Go through the listing below, and from the line containing "Leonhard Heyden, Lucca" through its last line, transcribe every line exactly, skipping pictures.

• **Collected material**
++++++++++

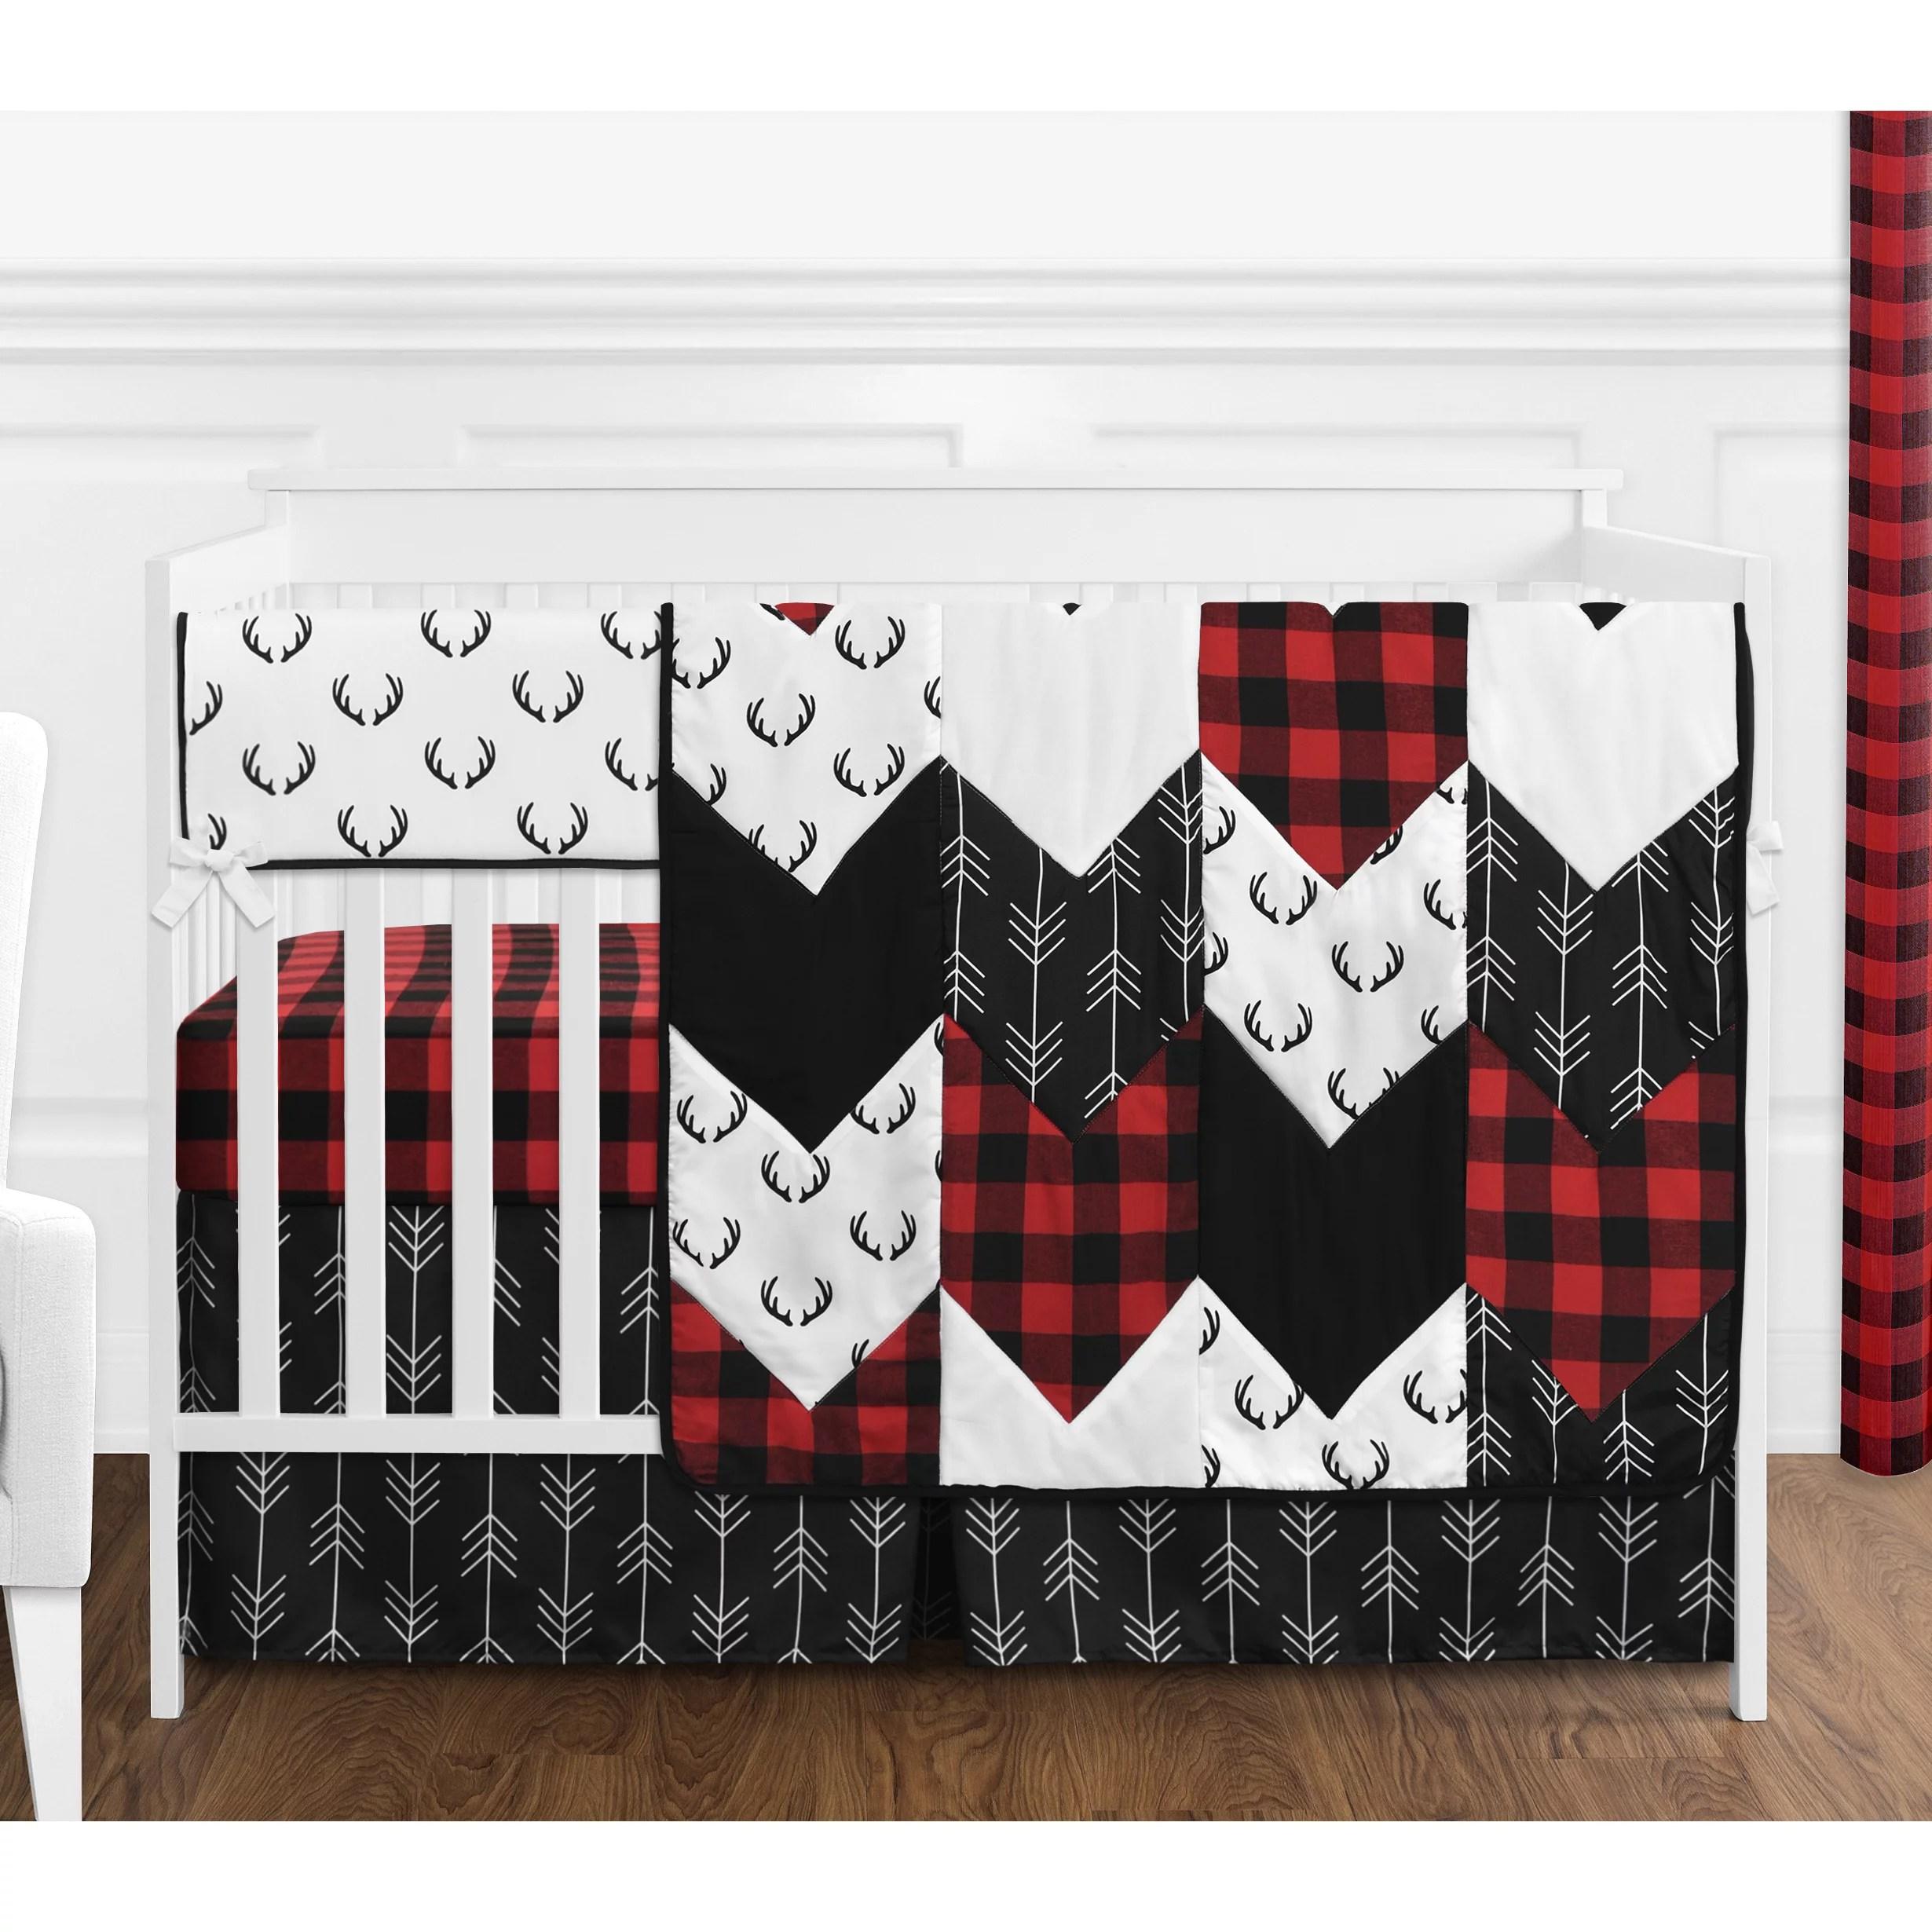 woodland buffalo plaid baby boy crib bedding set 5 pieces red and black rustic country deer lumberjack arrow nursery by sweet jojo designs
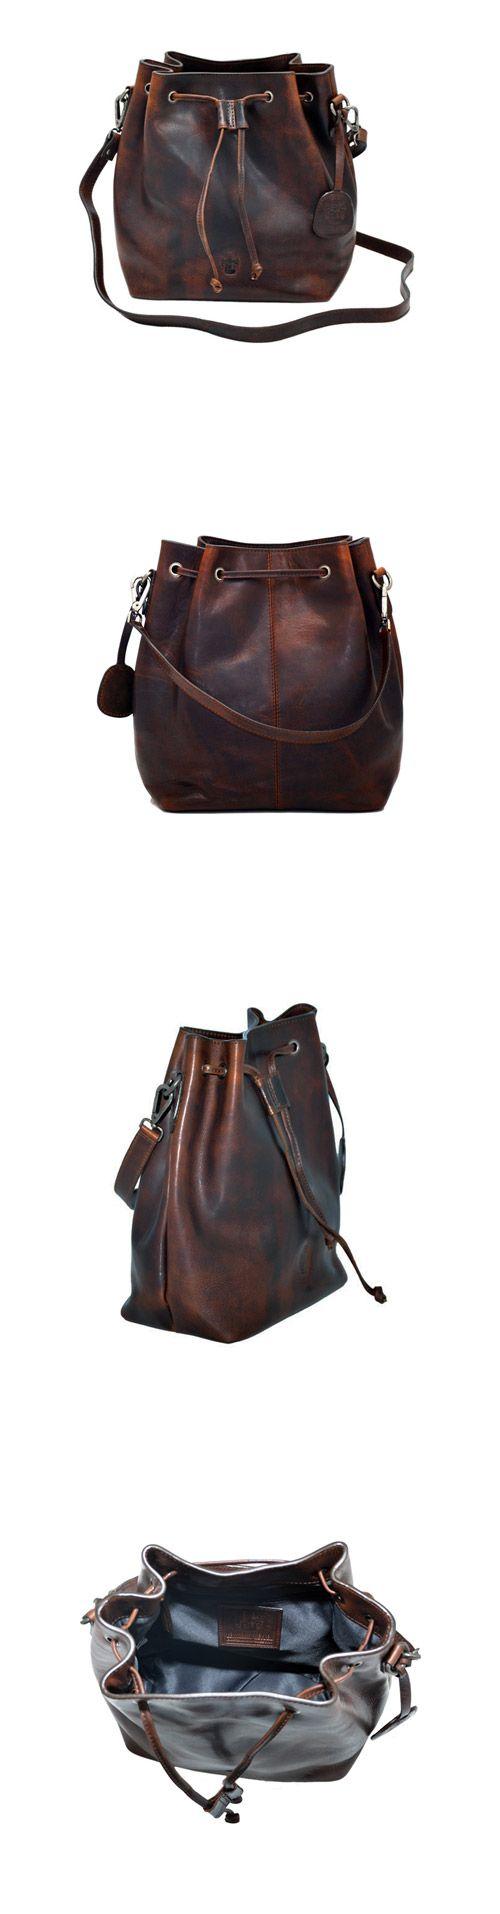 Leonhard Heyden, Lucca Hobo Bag.  See more on Pickandbloom
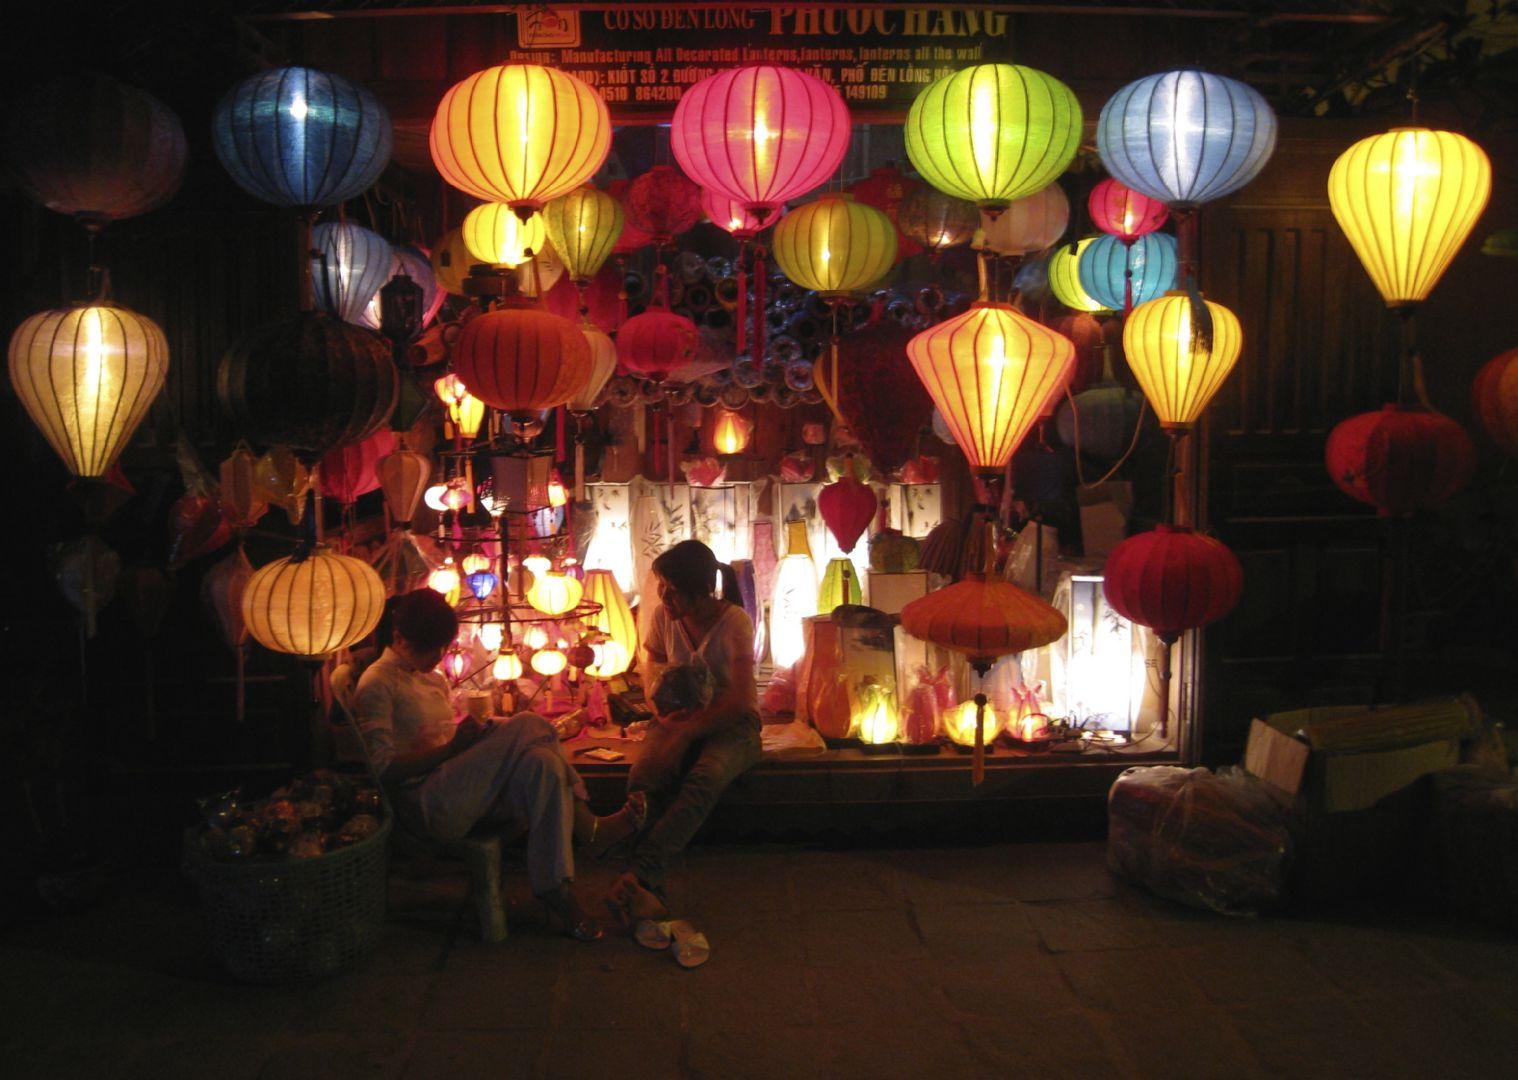 Vietnam 2008 (254).jpg - Laos - Hidden Treasures - Cycling Adventures

++++++++++

• **Task response**
 Leonhard Heyden, Lucca Hobo Bag.  See more on Pickandbloom
 Vietnam 2008 (254).jpg - Laos - Hidden Treasures - Cycling Adventures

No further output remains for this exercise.